Briefly mentioned above, scanners are a very efficient way to keep your office protected. There are plenty of companies providing this service. The offerings range from being specific to email, to being part of a greater security suite overall. How your office approaches this is something we’d be happy to discuss, but there are things to think about when choosing a provider. You want to avoid redundancies when possible, so getting anti-virus with your email scanner might not be a good idea if you already have anti-virus. It hurts both your system performance and could cause odd behaviors.

There is a period of configuration as well. Especially if your office handles attachments frequently. Truthfully, any good scanner will need some sort of learning curve to be highly effective. Few things work perfectly _and_ effectively right out of the box.

Choosing Passwords

We’ve written 6 blog posts to date. All but one of them talks about passwords in some form or another.

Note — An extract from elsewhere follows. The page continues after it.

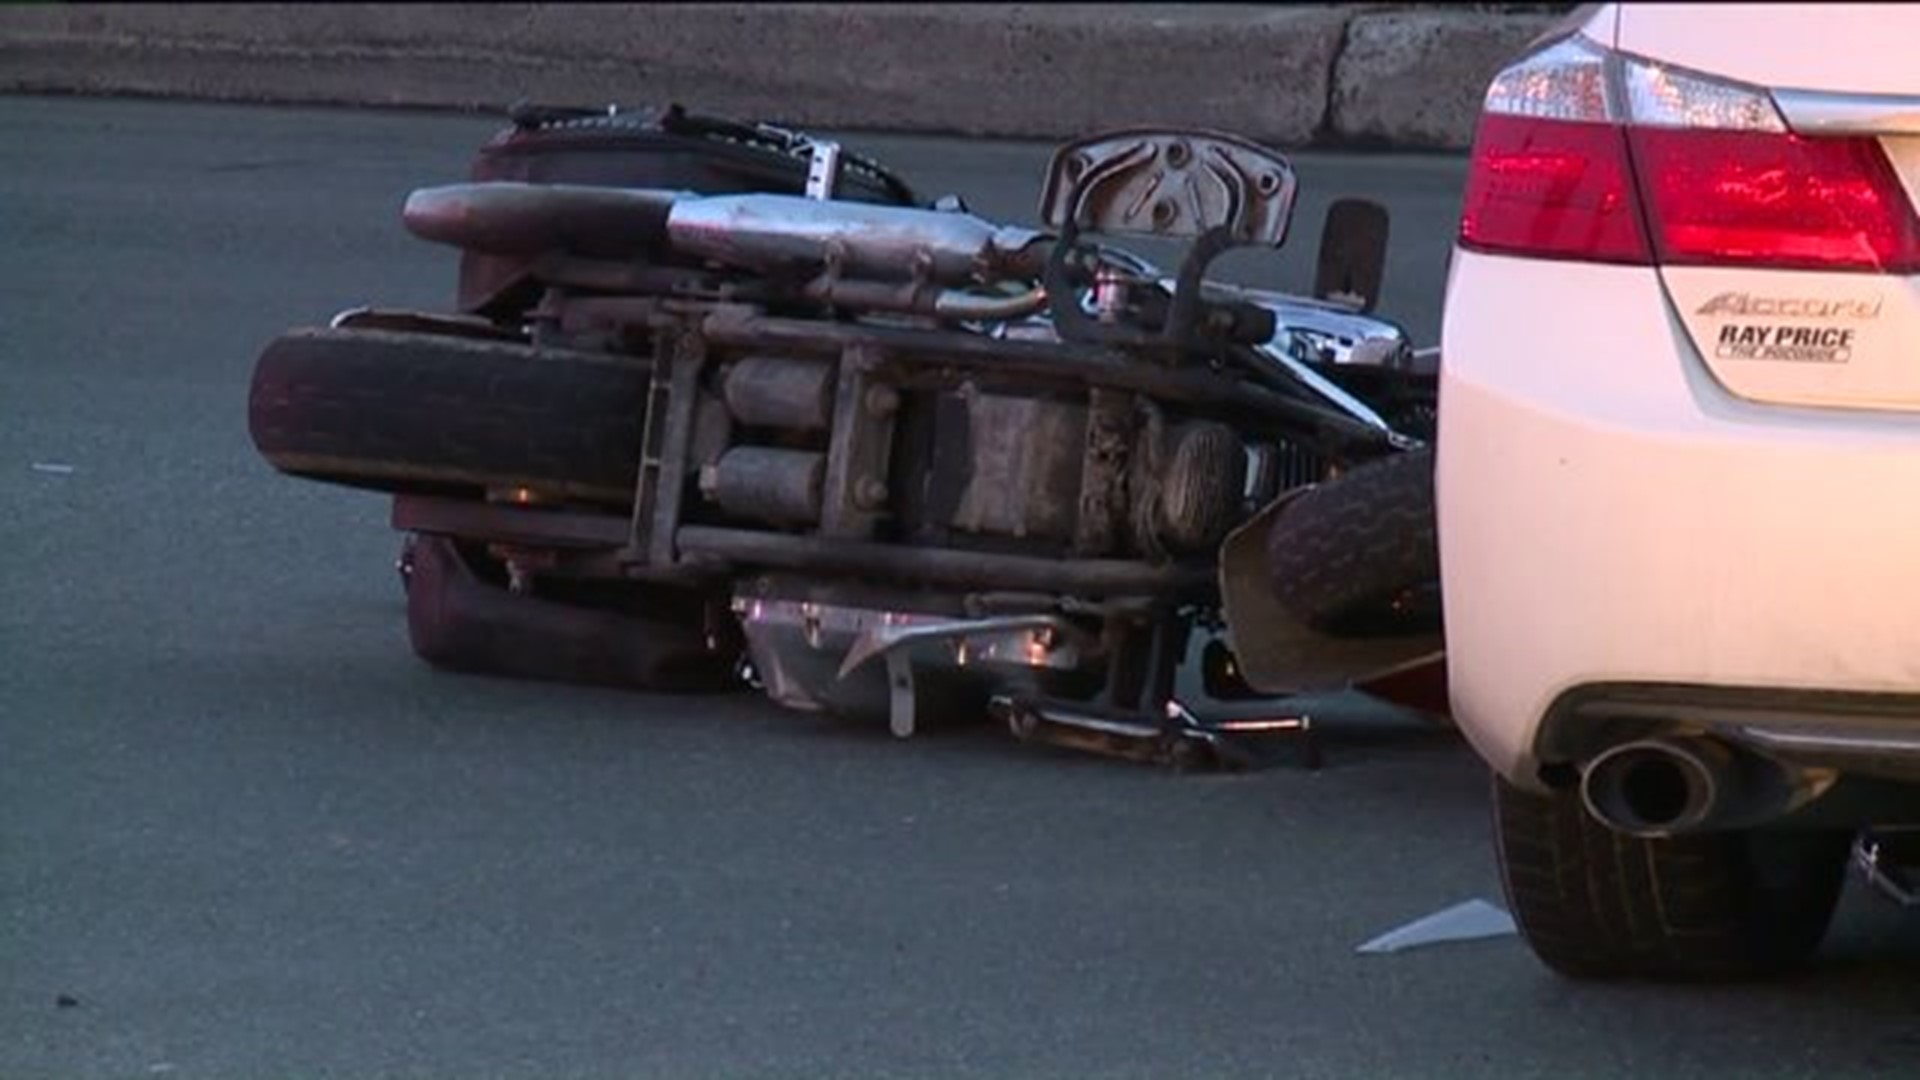 Motorcycle, Car Collide in Poconos

As they say, once is an accident, twice is a coincidence, three times is a trend… five or more is a hounding.

Change your password often and create strong ones. This is one of those strange situations where the lack of a notable event is its own reward. 

Avoid Public Wi-Fi

In future posts, we’ll delve into the dangers of Public Wi-Fi more, but suffice to say that unless you’ve taken the steps to ensure strong encryption, or you use a VPN server, Public Wi-Fi is not a safe place for anything sensitive.

Educate your Employees

Crossroads IT will gladly hold a small education experience giving your employees a rundown of email best practices. Forming a security-minded business culture is the result of educating staff on how to approach problems they might not otherwise know how to handle.

That said, simply sending internal hot tips and memos provides a less formal (but still effective) experience. Making security a talking point of your business culture is never a bad idea. Making sure that people know how to handle situations can help tremendously.

The Bottom Line

Email is the standard for communication across virtually every platform. It’s ubiquitous for every profession and you’d be hard pressed to find a better way of getting information from one place to another. Still, with any useful medium, you have to be careful and the steps above are a good start.

Encryption, email scanners, and seminars are just a few things Crossroads IT can discuss with your company. Some programs are better than others. Some services fit your company more fully and require different levels of management. We’re always happy to consult to find the best fit for your needs. Contact us anytime.

Part three of our series will drop next week. We’ll be discussing Secure File Storage. Keep imformation yours.

* – Scanners are usually baked in to webmail providers and require no real interaction. Gmail, Hotmail, and Yahoo will often have something in the footer saying the email was scanned with some service. Webmail providers are providing this service as it benefits them coincidentally. If you use Outlook or Thunderbird with a domain email (i.e.: you@yoursite.com), Microsoft and Mozilla may provide a base-level of protection, but using a scanner might be a good idea. There’s no self-preserving investment from those companies.

** – Worth noting here that the European Union has implemented the General Data Protection Regulations (GDPR). GDPR is an incredibly strict set of compliance requirements regarding personal information security. The US has been relatively hesitant to enforce anything close to it not involving HIPAA regulations. Much of this has to do with the fact that established data protections by companies would instantly be in violation on day 1. For EXAMPLE. It’s a tough economic sell and of course, lobbyists are still a thing.